Question

The odds in favor of an event a are 3:4. the odds against another independent event b are 7:4. what is the probability that at least one of the events will happen

Answer 1

answer is 4.....
hence there are 4 favourable outcomes possible as 7/4 – 3/7 the answer is 4/7 so there are probabilityof getting 4 results of the event.
hope the answer is correct......
hopefully I may have helped you......

Answer 2

Answer:

The probability that at least one of the events will happen is $\frac{7}{11}$

Step-by-step explanation:

Given : The odds in favor of an event a are 3:4. the odds against another independent event b are 7:4.

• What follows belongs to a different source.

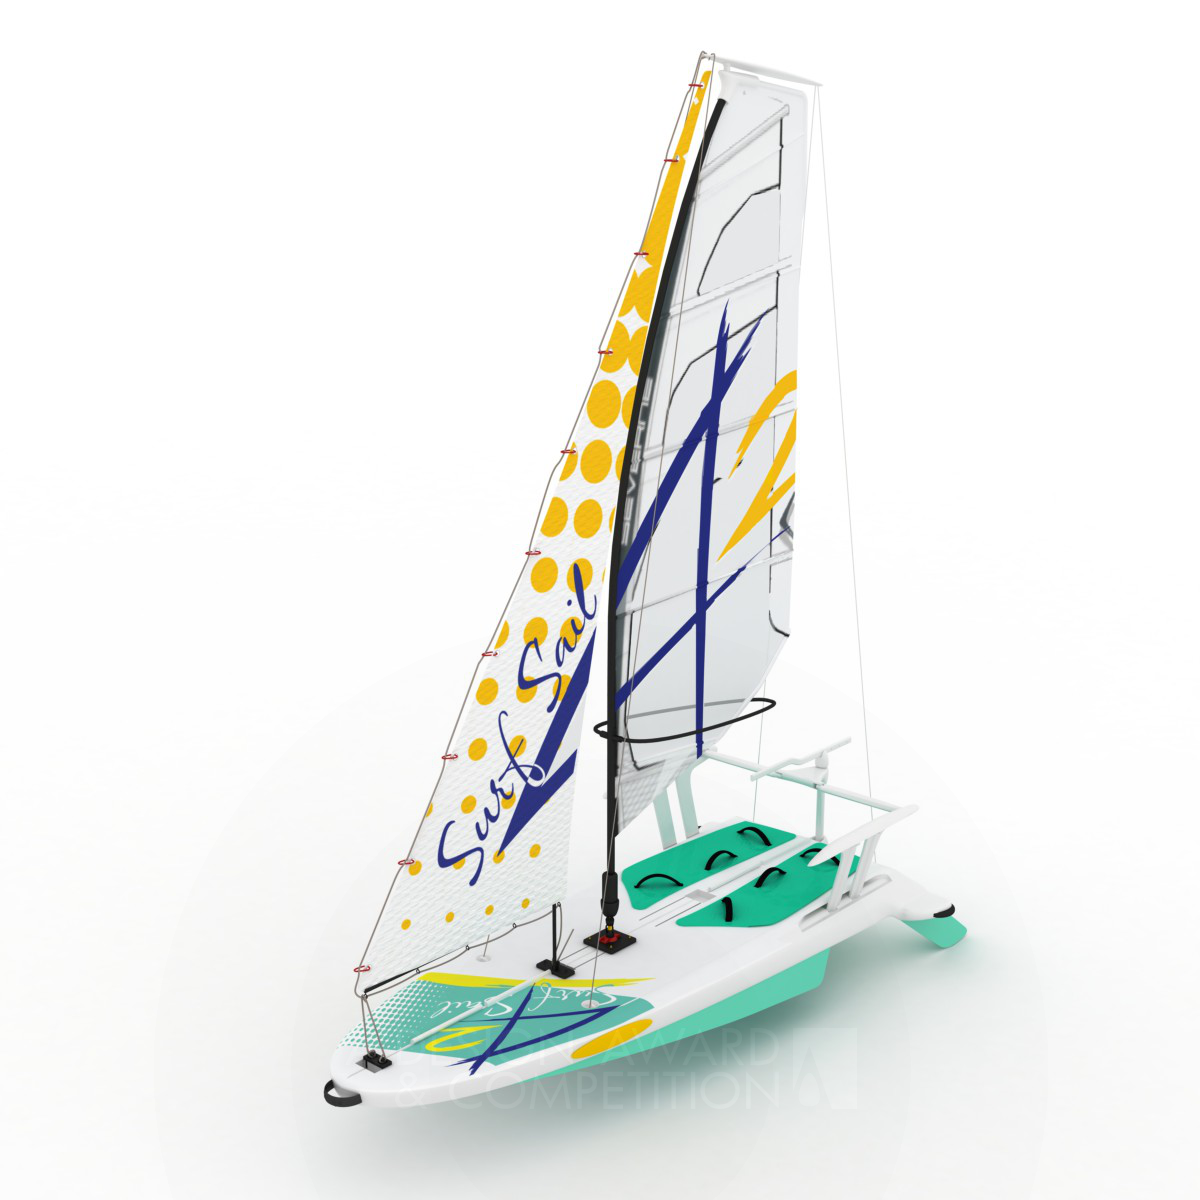 Good Sailboard for windsurfing and sailing Design

To find : What is the probability that at least one of the events will happen?

Solution :

The odds in favor of an event a are 3:4.

i.e. $P(A)=\frac{3}{7}$

The odds against another independent event b are 7:4.

i.e. $P(B)=\frac{4}{11}$

Now we write there compliments,

$P(A')=\frac{4}{7}$

$P(B')=\frac{7}{11}$

The probability that at least one of the events will happen is given by,

$\text{P(at least one of A and B)} = 1 -P(A')P(B')$

$\text{P(at least one of A and B)} = 1 -(\frac{4}{7})(\frac{7}{11})$

$\text{P(at least one of A and B)} = 1 -\frac{4}{11}$

$\text{P(at least one of A and B)} = \frac{11-4}{11}$

$\text{P(at least one of A and B)} = \frac{7}{11}$

Therefore, The probability that at least one of the events will happen is $\frac{7}{11}$